# Mean and standard deviation of price series with Kalman

I like to calculate the mean and standard deviation of a price series, using the Kalman filter. I am somehow stuck with the deviation, or have some problem in understanding, which my research could not solve.

mean(t) =  mean(t-1) + K(t) * ( price(t) - mean(t-1) )


with Kalman gain K(t) = R(t-1) / (R(t-1) + Ve), state variance R(t) = (1 - K(t)) * R(t-1) and measurement error Ve practically as some pre-defined parameter, similarly to the lookback period in a simple mean.

I've read a few times that the variance R should give kind of variance (and thus standard deviation) of the price series. But with a K < 1, R with every iteration just gets smaller and is no way the deviation of the price series. This only would make sense for a constant value to measure, where with every measurement iteration we get more certainty. Is my concept of the Kalman filter too simplistic? Can anybody give me a hint please.

• @ Mike if you upload data I will take a look – rrg Dec 28 '16 at 12:24

I would suggest check out the Wikipedia page first and use more stylized notations.

In your update equation mean(t) = mean(t-1) + K(t) * ( price(t) - mean(t-1) ) you are basically saying that your state process is mean(t) and price(t) is a measurement of mean(t). This doesn't sound legit

On the other hand, you could have a mean reverting process $$\text{price}(t) = \text{price}(t-1) + \alpha (\text{mean}(t-1) - \text{price}(t-1))$$

Although it looks similar, it's fundamentally different from the update equation in Kalman filter.

Then the state vector for this process could be $X_t = \begin{bmatrix}\text{price}(t) \\ \text{mean}(t) \end{bmatrix}$ and state transition equation could be $$\begin{bmatrix}\text{price}(t) \\ \text{mean}(t) \end{bmatrix} = \begin{bmatrix} 1-\alpha & \alpha \\ 0 & 1 \end{bmatrix} \begin{bmatrix}\text{price}(t) \\ \text{mean}(t) \end{bmatrix} + \begin{bmatrix}\epsilon_1(t) \\ \epsilon_2(t) \end{bmatrix}$$

Denote $F_t = \begin{bmatrix} 1-\alpha & \alpha \\ 0 & 1 \end{bmatrix}$ then the above equation is simply $$X_t = F_tX_t + \epsilon_t$$

The measurement equation could be

$$Z_t = H_tX_t + \nu_t$$

where $Z_t$ is the acutal price series and $H_t = \begin{bmatrix} 1 & 0 \end{bmatrix}$

The you can use the Kalman filter two-step recursion to estimate the mean(t)
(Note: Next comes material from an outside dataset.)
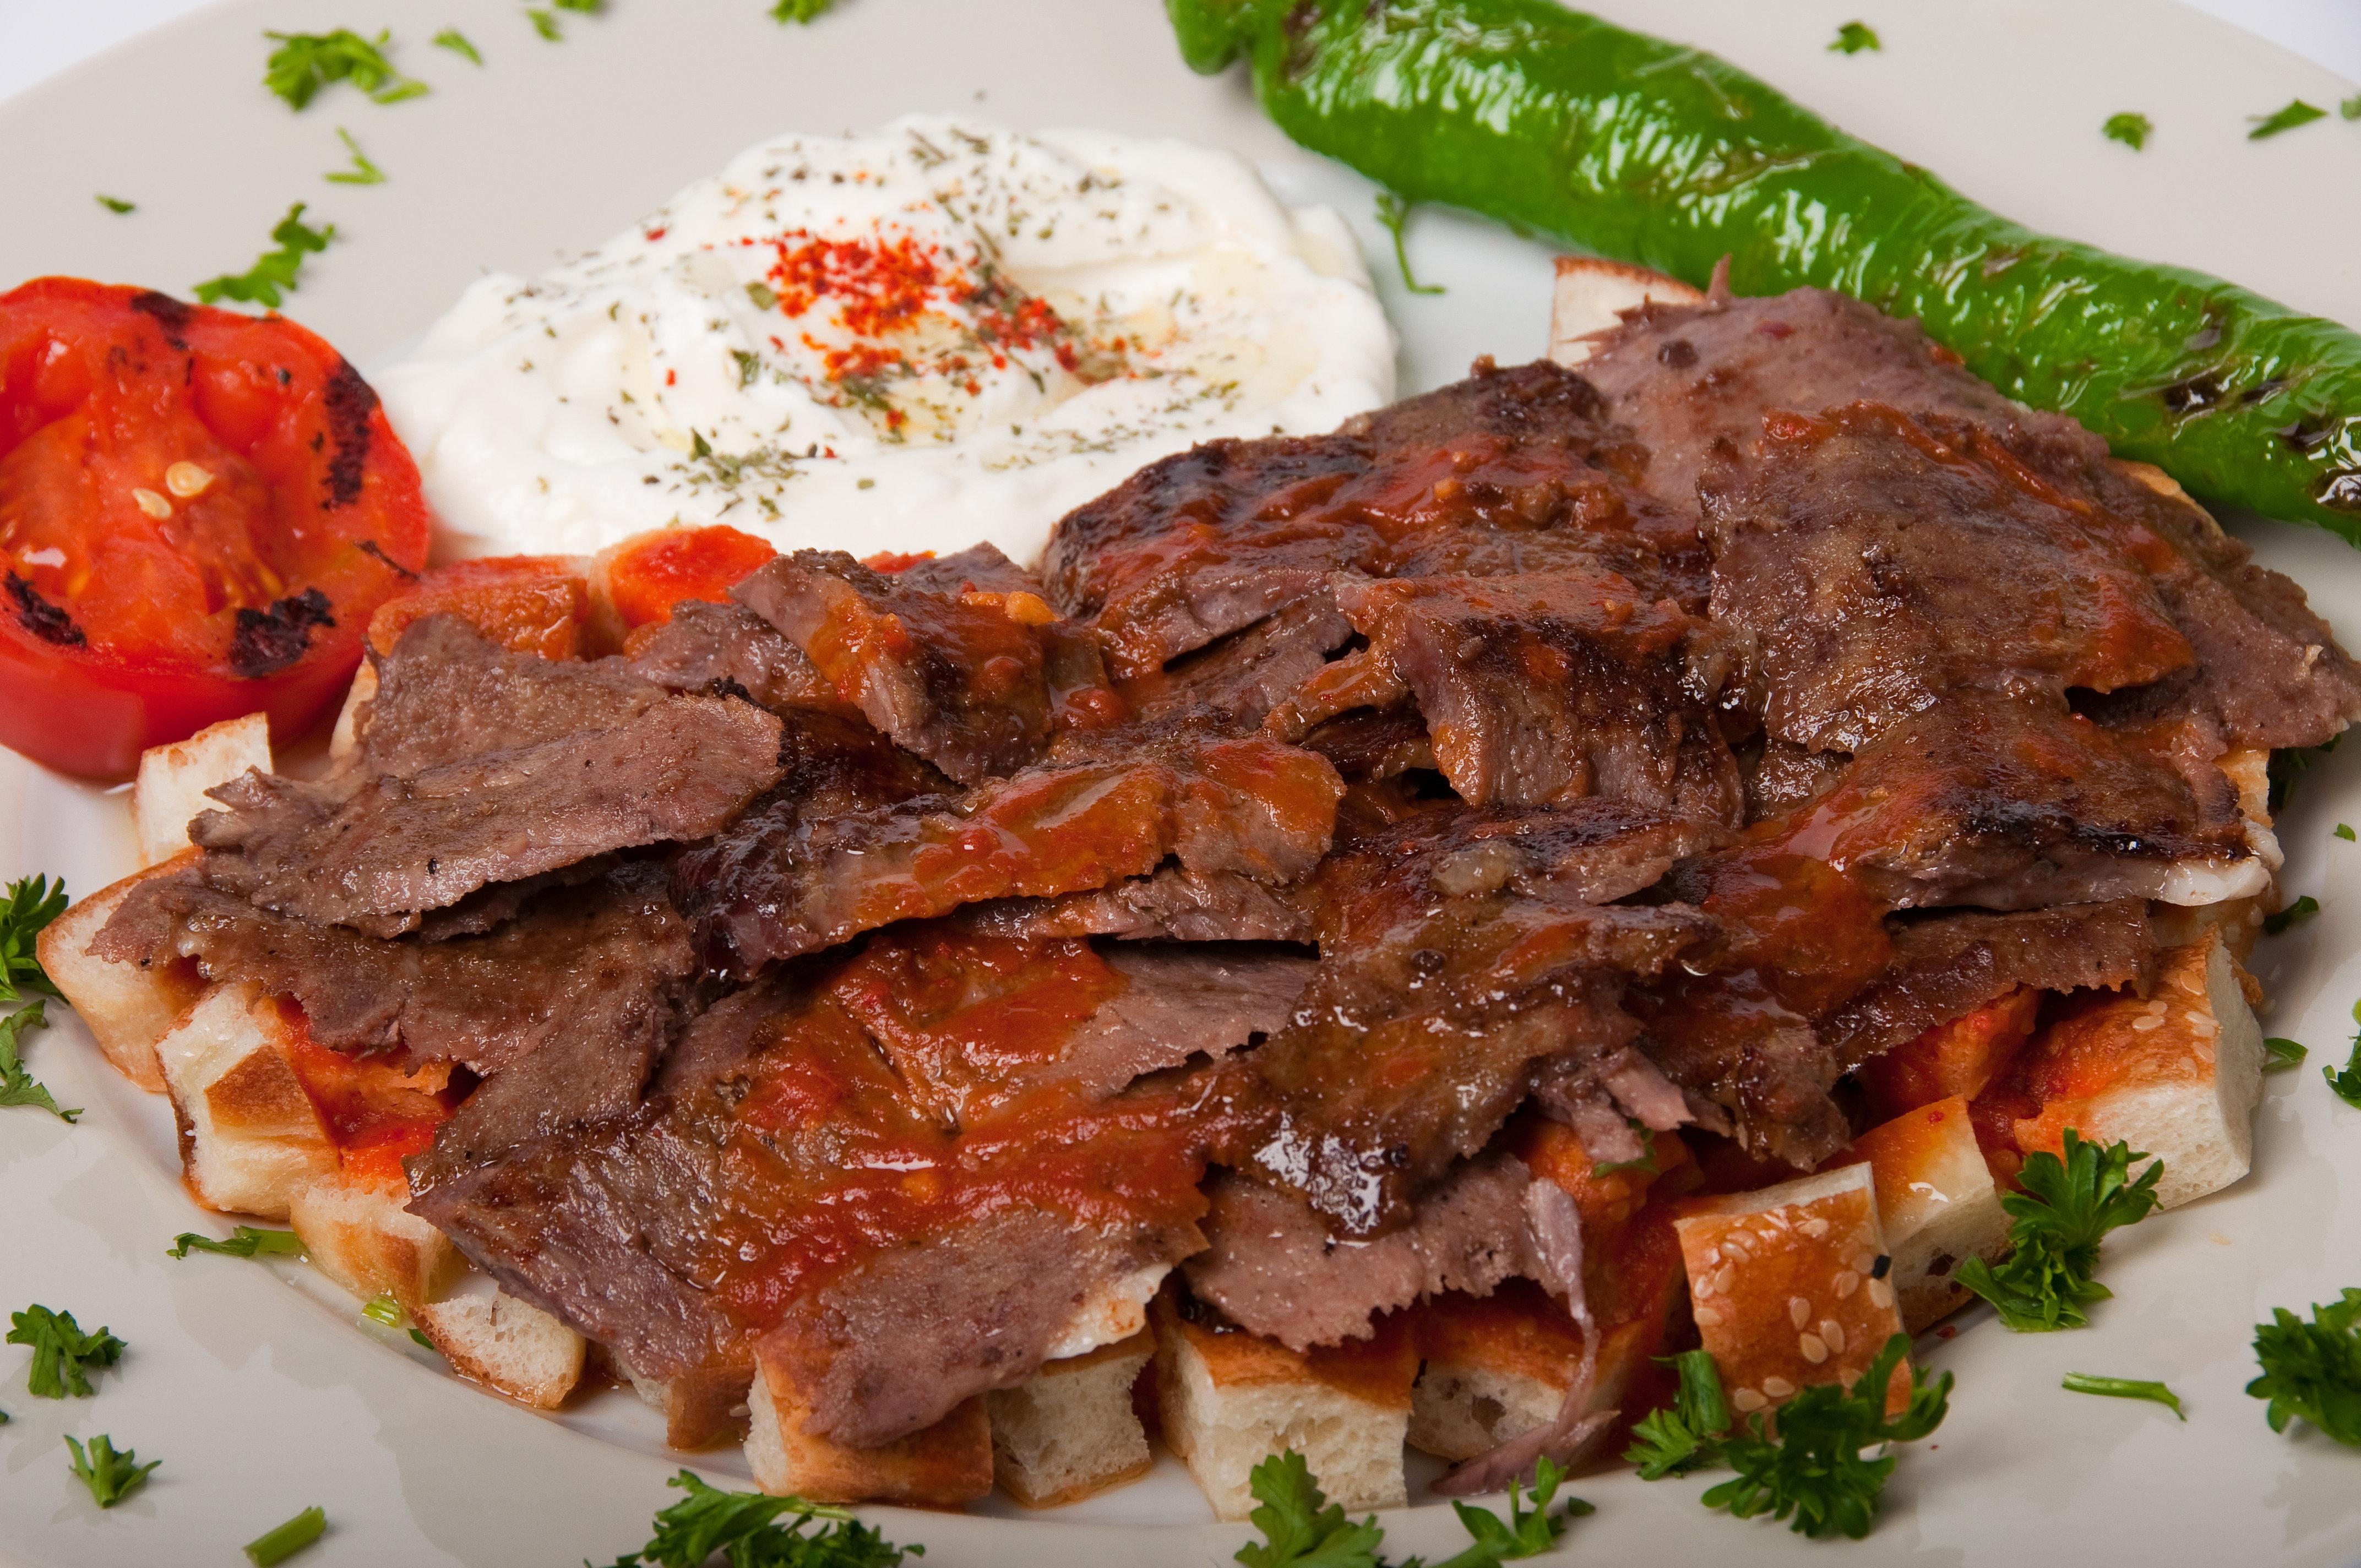 Mersin mediterranean cuisine iskender alexander kebab for Alexander s greek cuisine

Rt in your notation is "filtered" variance R(t|t). The prediction of variance R(t+1|t) adds another term which is not guaranteed to be decreasing overtime.

I think another critical assumption is Ve in your equation. How do you define Ve? For price series Ve as a proxy for volatility makes sense to be time-varying, and probably exhibit some auto-correlation.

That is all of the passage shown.